The German attorney’s first action will be to challenge the legality of the trial, claiming that Eichmann had been abducted from Argentina and brought into the court’s jurisdiction in violation of international law. To support this contention, he has obtained permission to call as witnesses the chief operations officer and the chief pilot of El Al, the Israel National Airlines, Yehuda Shimoni and Zvi Tohar.

The prosecution was reported prepared to counter this argument by citing various legal precedents, including a principle of British jurisprudence that it is irrelevant how a prisoner is brought into the jurisdiction of a court to answer charges.

COURT MAY ADJOURN AFTER HEARING ARGUMENTS; PROSECUTION PREPARED

The court is expected to adjourn after hearing these arguments and to deliver its ruling when the trial is resumed. The court will not sit on Thursday, a day which will be marked nationally as a remembrance for the Jewish victims of the Nazi holocaust. It may explain the reasons for its ruling on the first Servatius motion when it reconvenes, or it may leave the explanation, until it prepares the final verdict in the trial.

Dr. Servatius is expected to follow this action with two other motions. One will claim the court has no jurisdiction since the crimes complained of were committed both outside of Israel’s territory and before the State of Israel existed. The second will challenge the law under which Eichmann is being tried here. In this motion he will question the legality of a retroactive law, pointing out that the legislation was enacted only years after the alleged crimes were committed.

The prosecution, it was known, has amassed an impressive array of arguments to refute these two motions, including the precedents of the Nuremberg war crimes trials and all subsequent war crimes trials.

Once these technical skirmishes are out of the way, Dr. Servatius is expected to build his defense of Eichmann on the theory that the ex-Gestapo colonel was only a “small cog in the machine” and only carried out orders from above. If the defense, however, expects to make headway with the argument that Eichmann cannot be held responsible for carrying out orders from above, it will run headlong into a strong precedent in Israeli law which denies such a defense any validity.

The precedent was established in the famed Kafr Kassem case when an Israeli court sentenced Israeli border police officers to heavy prison terms for their part in the massacre of Arab civilians at Kafr Kassem in 1956. The defendants then argued that they had only obeyed orders and could not be held responsible.
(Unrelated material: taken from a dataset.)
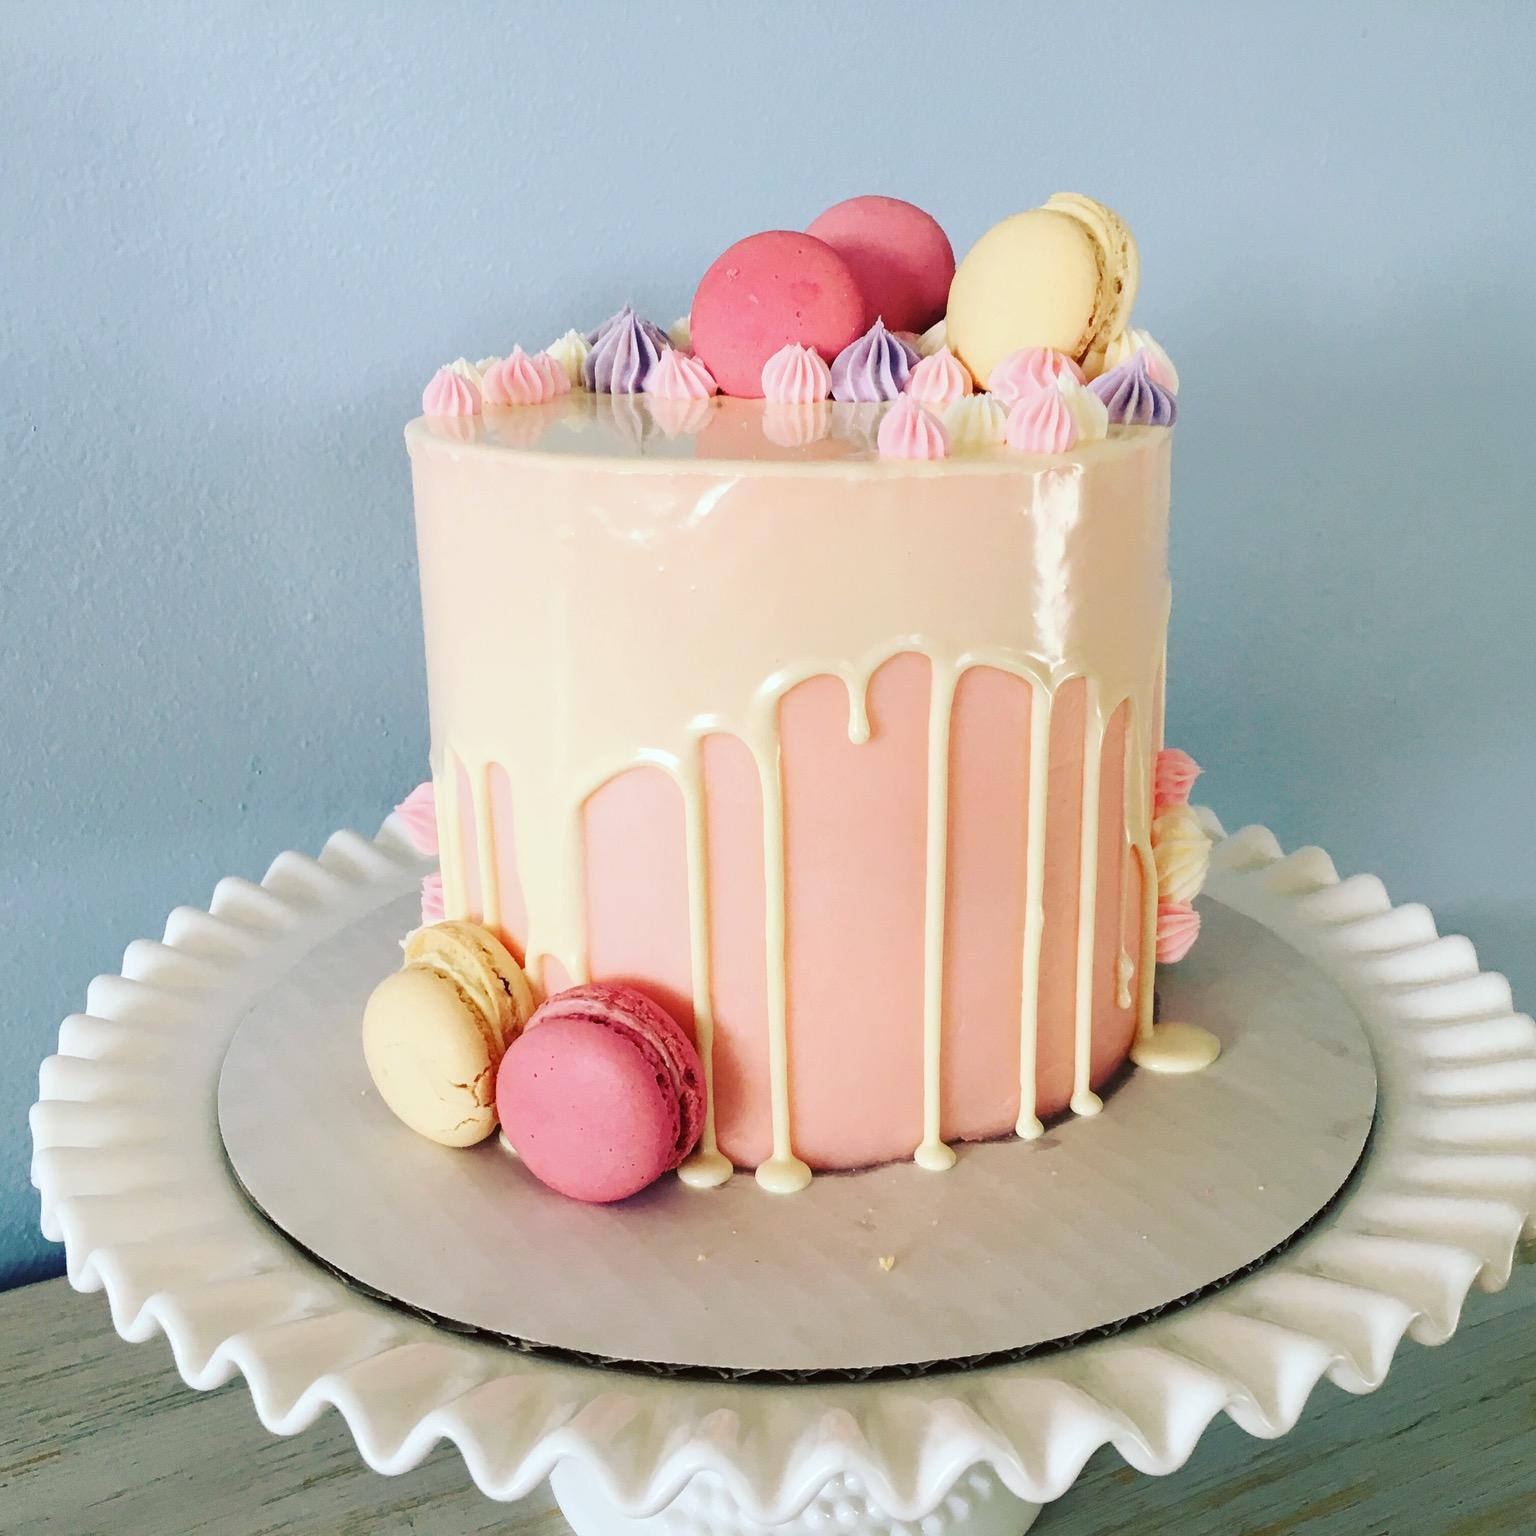 Macaron Cake Buttercream Cake Decorating Icing Dessert Sugar Cake Torte Pasteles Sugar Paste Sweetness Whipped Cream

The court rejected that defense, holding that the men were not obliged to obey illegal orders.

ATTORNEY GENERAL EXPECTED TO PRESENT HIS STATEMENT ON FRIDAY

It will not be until after Dr. Servatius has made his challenge of the court’s competence that the tribunal will get down to the actual case in hand. The case will be opened with the reading of the 15-count indictment. Probably not before Friday morning will Attorney General Gide on Hausner make the prosecution’s opening statement.

This statement, it is understood, is largely devoted to a description of the historical and ideological background of nazism from which the plan and practice of “the final solution” of the Jewish problem emerged. In this, the Attorney General hopes to make clear that the Eichmann trial is not the prosecution of merely one person–Eichmann–but a disclosure of the broader responsibility of the Germans who collaborated or acquiesced in the “final solution” and of the occupied countries which, with some notable exceptions, did little to prevent the destruction of their Jewish citizens.

The trial is expected to last at least three months. All arrangements were completed and satisfactorily tested today, including the closed television circuit that will give correspondents in the press section a continuous view of events in the courtroom. Security measures were tightened even further today as frontier police units, armed with submachine guns, extended their patrols to the streets surrounding the fortress-like Beit Haam.

When he is not in the bullet-proof, glass-enclosed prisoner’s dock in the courtroom, Eichmann will be confined to a specially built cell high up in the Beit Haam.